> **Information shown**:
┌──

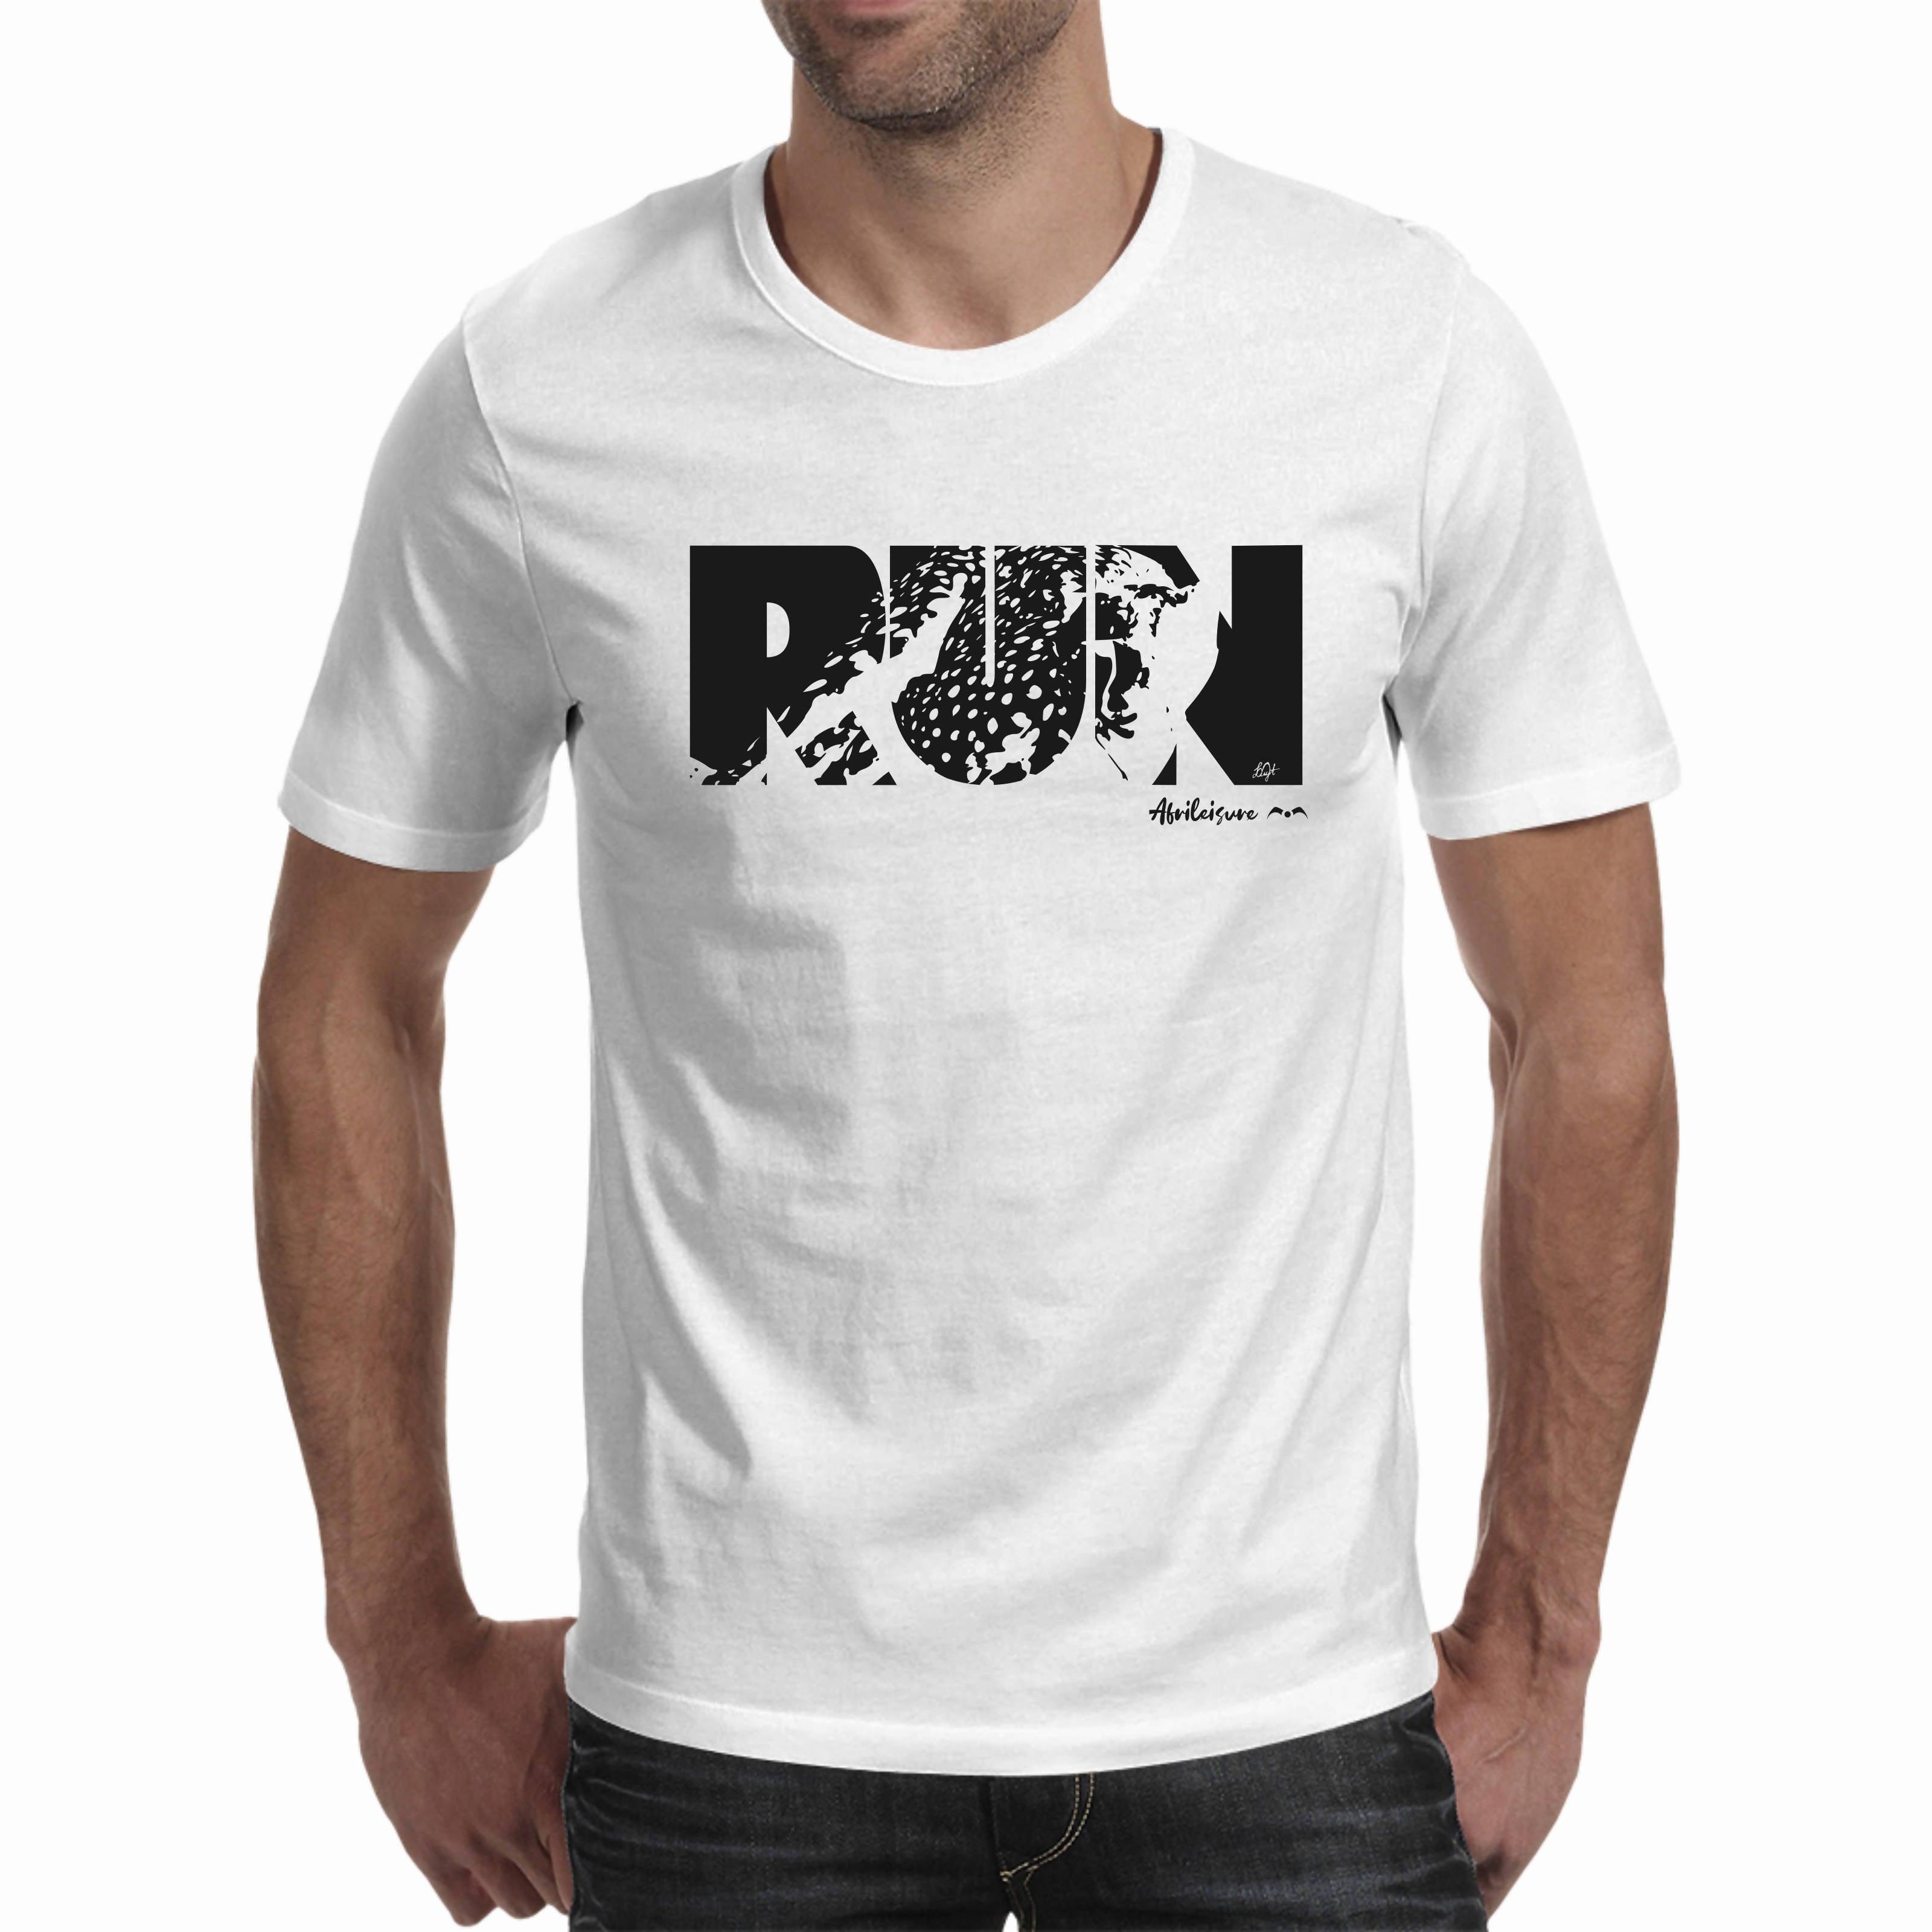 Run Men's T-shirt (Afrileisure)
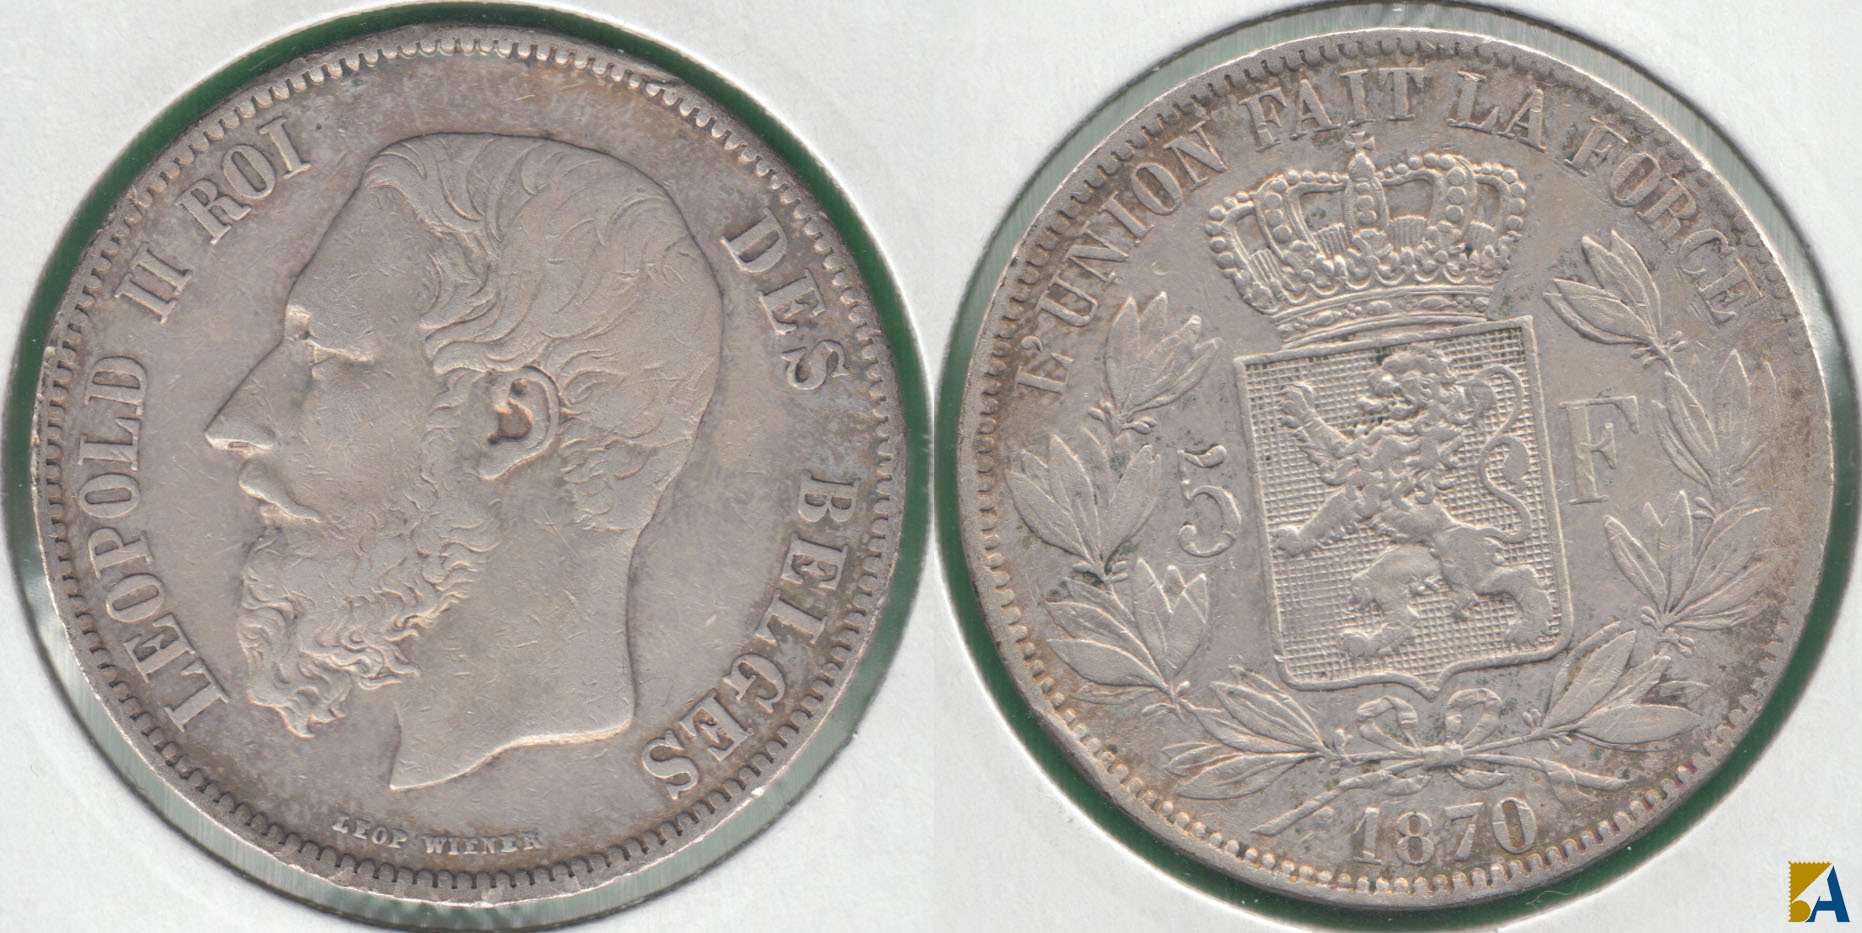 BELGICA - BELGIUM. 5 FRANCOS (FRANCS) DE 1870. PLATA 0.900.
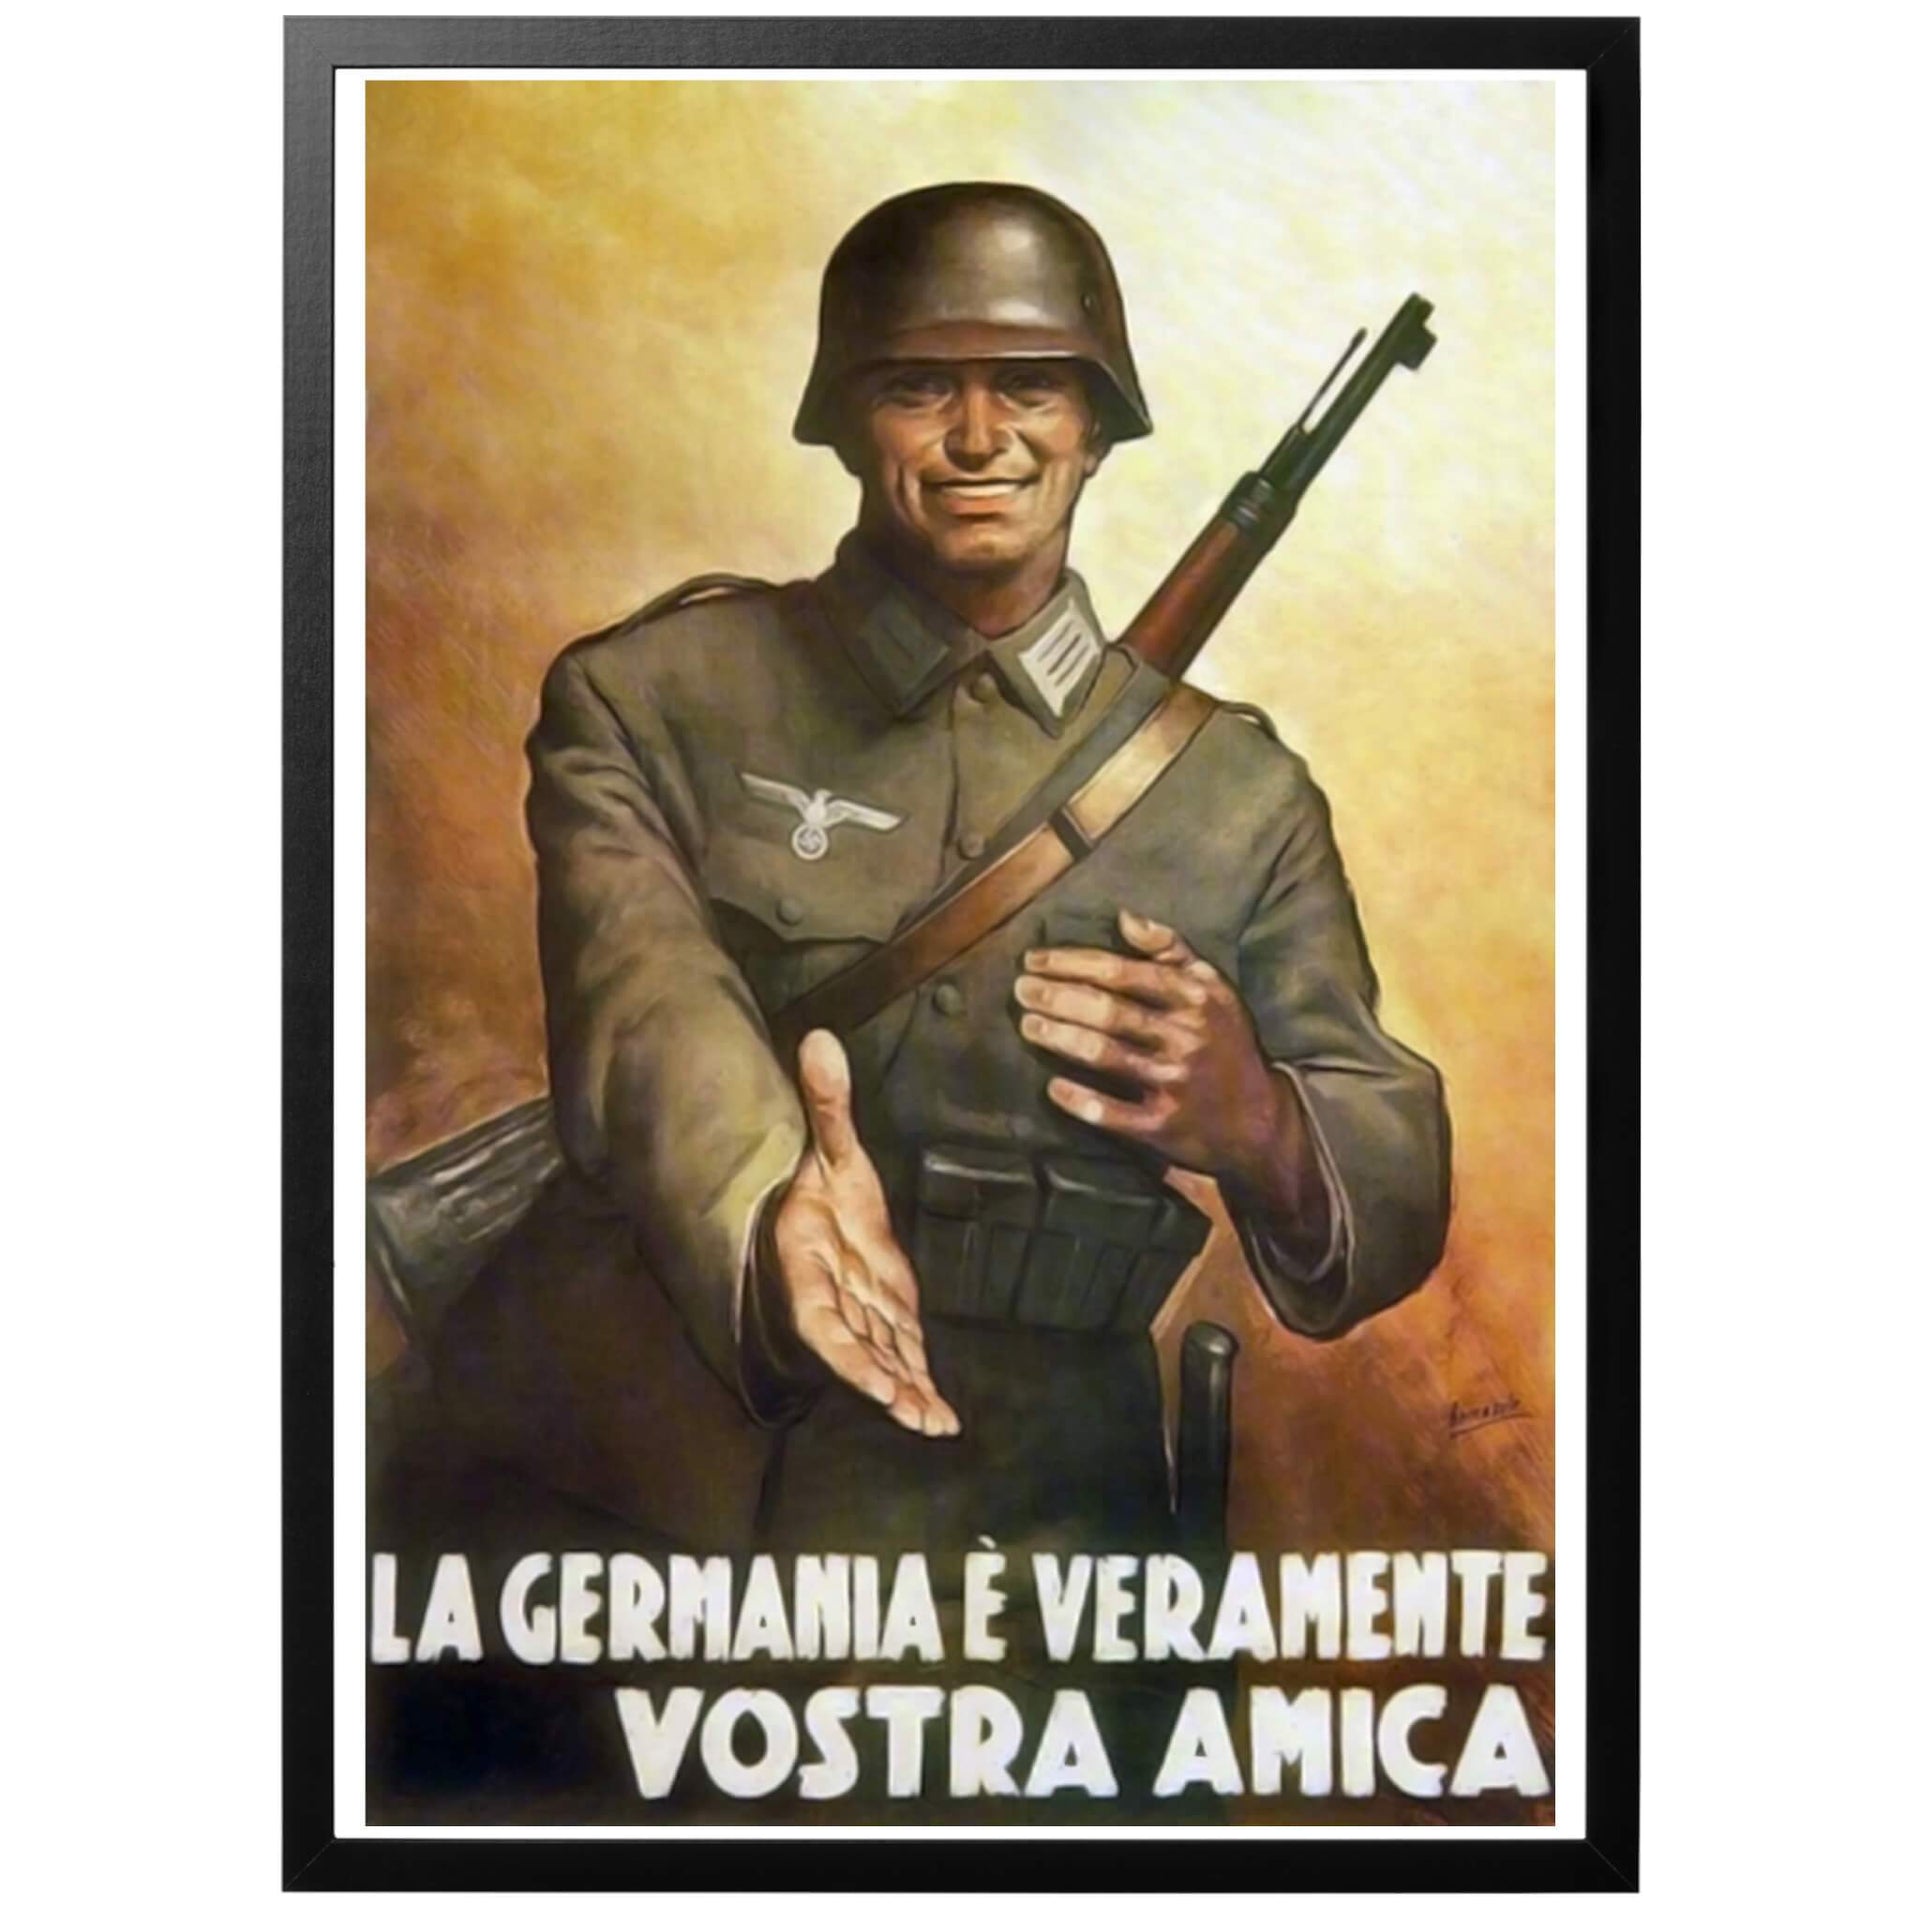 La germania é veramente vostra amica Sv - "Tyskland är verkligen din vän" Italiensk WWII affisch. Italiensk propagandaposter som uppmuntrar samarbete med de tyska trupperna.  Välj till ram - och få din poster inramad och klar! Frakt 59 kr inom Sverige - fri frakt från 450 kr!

└──

> **Task goal**: The copy must match the listing above exactly, except that it holds no pictures.

> **Answer box**:
 Run Men's T-shirt (Afrileisure)
 BELGICA - BELGIUM. 5 FRANCOS (FRANCS) DE 1870. PLATA 0.900.
 La germania é veramente vostra amica Sv - "Tyskland är verkligen din vän" Italiensk WWII affisch. Italiensk propagandaposter som uppmuntrar samarbete med de tyska trupperna.  Välj till ram - och få din poster inramad och klar! Frakt 59 kr inom Sverige - fri frakt från 450 kr!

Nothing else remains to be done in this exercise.